As I've written a zillion times before, clear corrections for honest (or even dishonest) mistakes are a good thing, and they make me trust a person/institution more rather than less, especially when freely given.
Since they're often hard to find, I wondered if someone had thought about setting up a database or blog of corrections? Stop me if it's already been done (or rather, link me) but I think it might be useful, if not as a database to inform people, at least as a tool for gathering them all in one place, and triggering some conversations and thoughts about them.
In the world of academia you might enjoy:
http://retractionwatch.wordpress.com/And in case you missed it, here's is the ubercorrection:
http://www.thesun.co.uk/sol/homepage/hygiene/home/article190130.ece
IN an article published on The Sun website on January 27 under the headline ?Gollum joker killed in live rail horror’ we incorrectly stated that Julian Brooker, 23, of Brighton, was blown 15ft into the air after accidentally touching a live railway line.
His parents have asked us to make clear he was not turned into a fireball, was not obsessed with the number 23 and didn’t go drinking on that date every month.
Julian’s mother did not say, during or after the inquest, her son often got on all fours creeping around their house pretending to be Gollum.
Also, quotes from a witness should have been attributed to Gemma Costin not Eva Natasha.
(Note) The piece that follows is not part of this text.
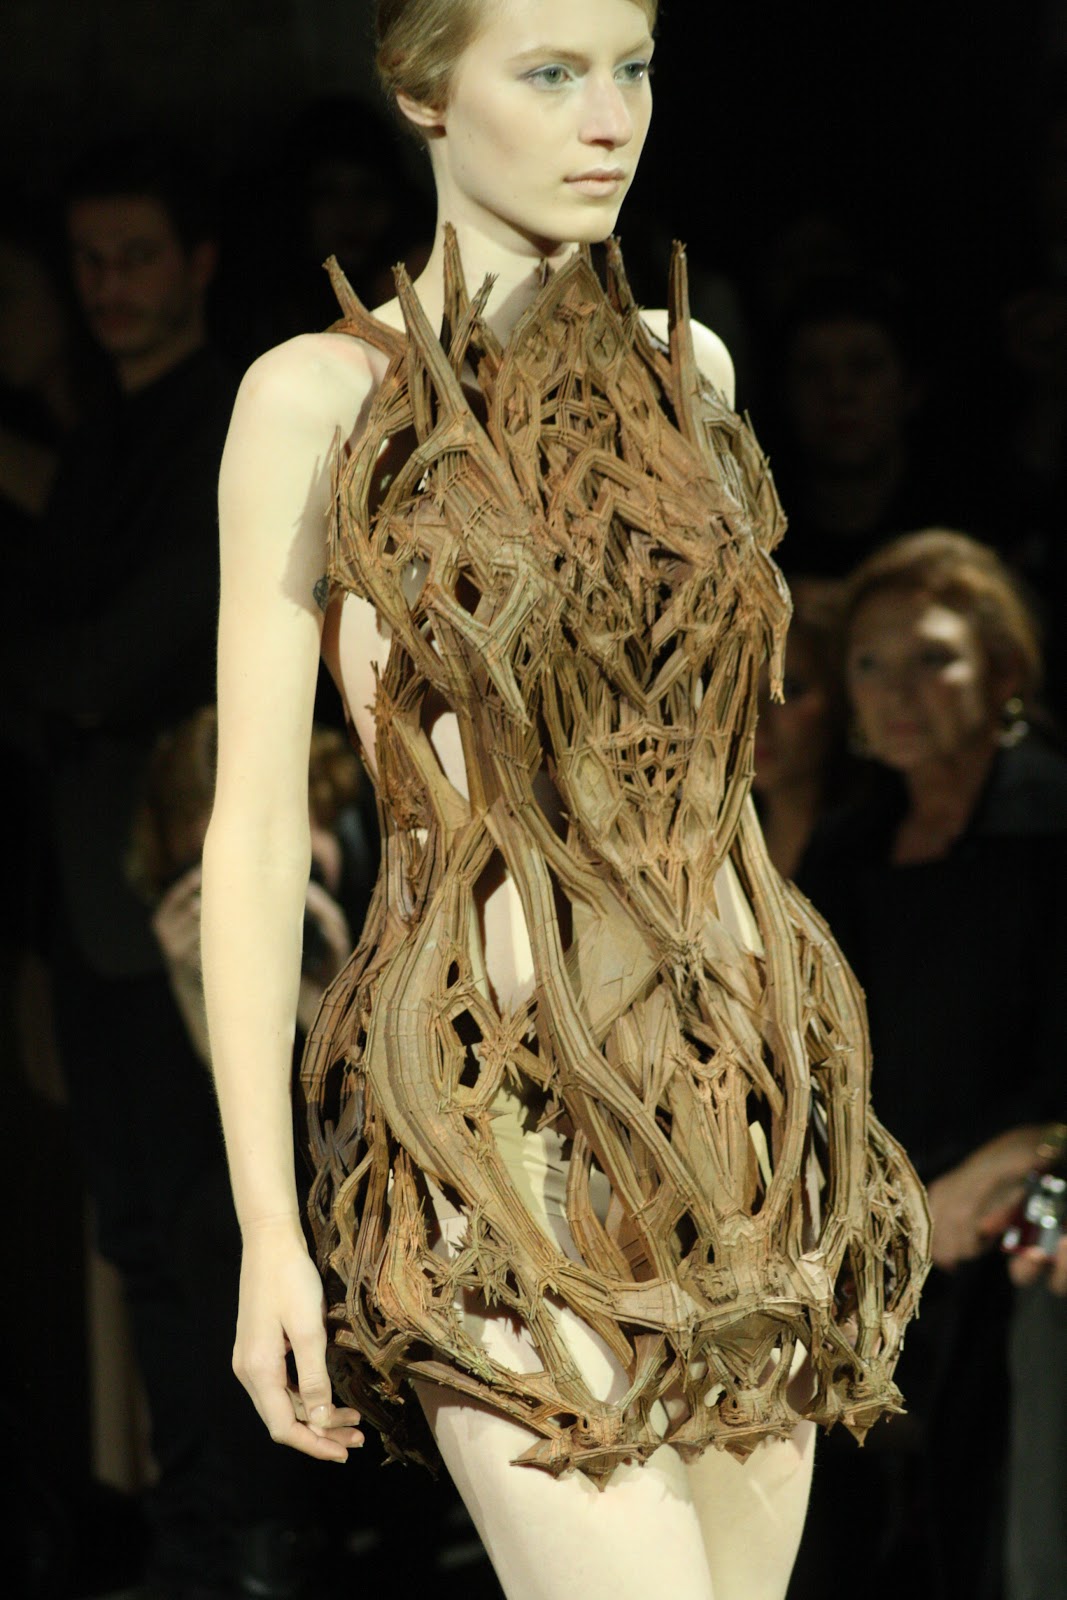 Iris Van Herpen - “Cathedral Dress” from Micro S/S 2012 | Futuristic ...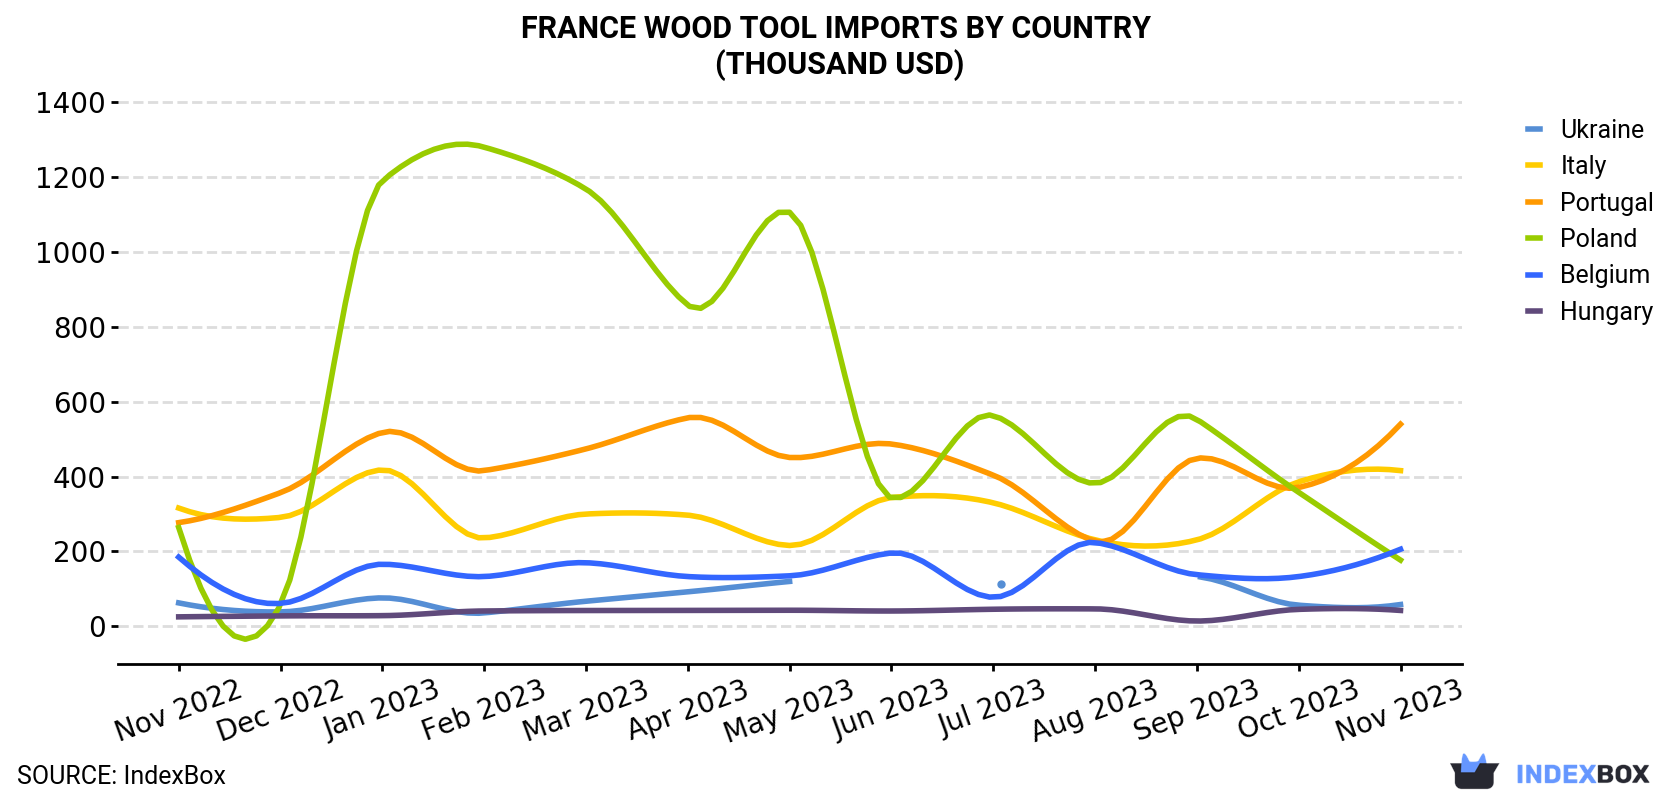 France Wood Tool Imports By Country (Thousand USD)

We apologise for the distress this has caused Julian’s family and friends.
Update:
I'm a bit of a dumbass for forgetting this site, which I've visited before:
http://www.regrettheerror.com/
though it's generally jsut the funnier ones.
In my fantasy world, we'd have a set of community-sourced factual corrections and background material on a structured database of news stories, but that wld take a few million quid more than we have at our disposal.